Furthermore, gaining precise insights into the distribution of the target variable within the dataset is imperative. Our analysis of the BRFSS data unveiled a notable class imbalance, as depicted in
Figure 2. Merely 8.1% of the surveyed population reported a diagnosis of heart disease, accentuating the challenge of class imbalance in our modeling endeavors. Such imbalance may predispose the model towards the majority class of non-CVD cases, potentially compromising its efficacy in identifying high-risk patients. Addressing this imbalance is paramount to mitigating bias and enhancing model performance in risk prediction.
Afterwards, we conducted a correlation analysis, which shed light on the intricate relationships between various features and the risk of developing CVD. One notable observation is the negative correlation between general health and both heart disease and diabetes. This suggests that individuals who rate their general health poorly are more prone to developing one or both diseases, underscoring the importance of overall health status in disease prevention.
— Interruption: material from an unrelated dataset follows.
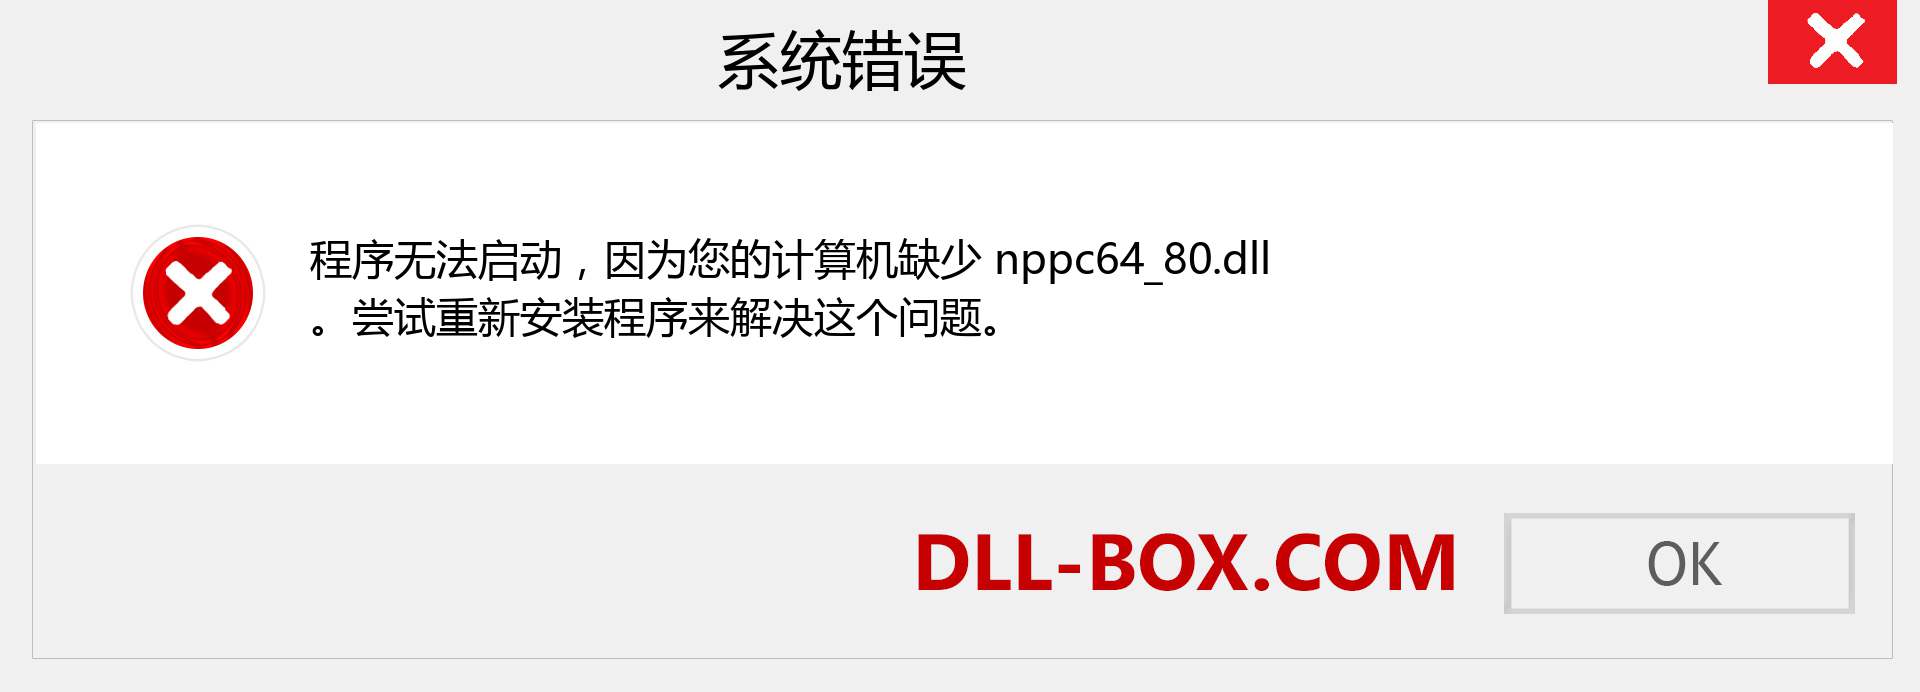 nppc64_80.dll 文件丢失？。 适用于 Windows 7、8、10 的下载 - 修复 Windows、照片、图像上的 nppc64_80 dll 丢失错误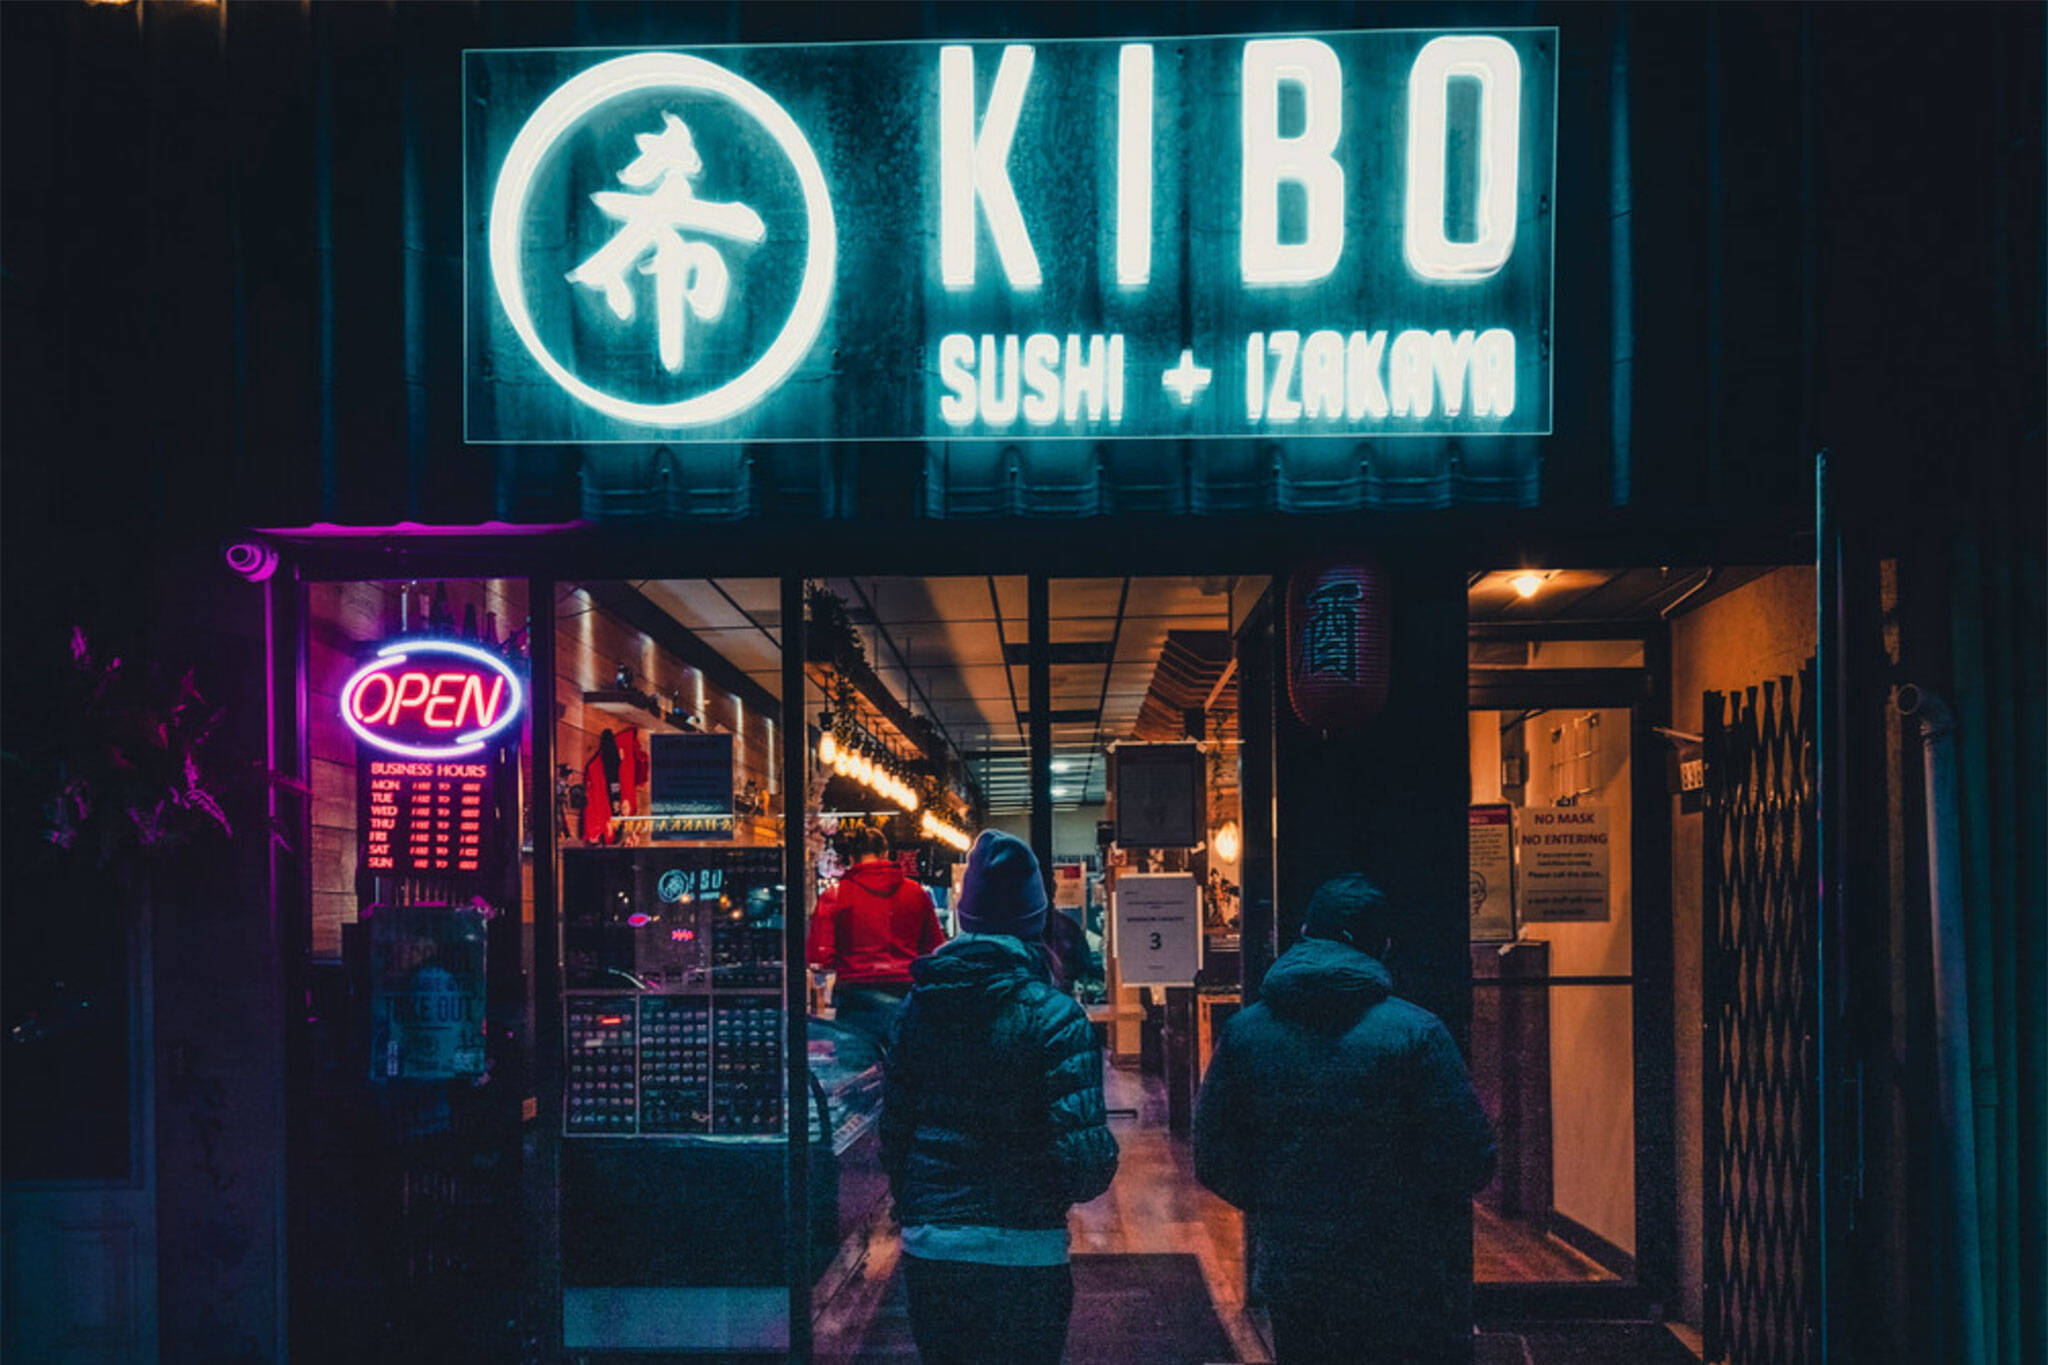 kibo sushi

Similarly, the negative correlation observed with exercise implies that engaging in regular physical activity may contribute to reducing the risk of developing CVDs. This aligns with established knowledge emphasizing the benefits of exercise in promoting cardiovascular health.
On the other hand, the positive correlation between age category and the target variable is unsurprising, as age is a non-modifiable risk factor strongly associated with increased CVD incidence. This underscores the importance of age as a critical determinant in assessing cardiovascular risk.
The identified influential features for prediction, including general health, age category, diabetes, arthritis, and exercise, resonate with existing research in the field of CVDs. These factors have been consistently recognized as significant contributors to CVD risk and progression.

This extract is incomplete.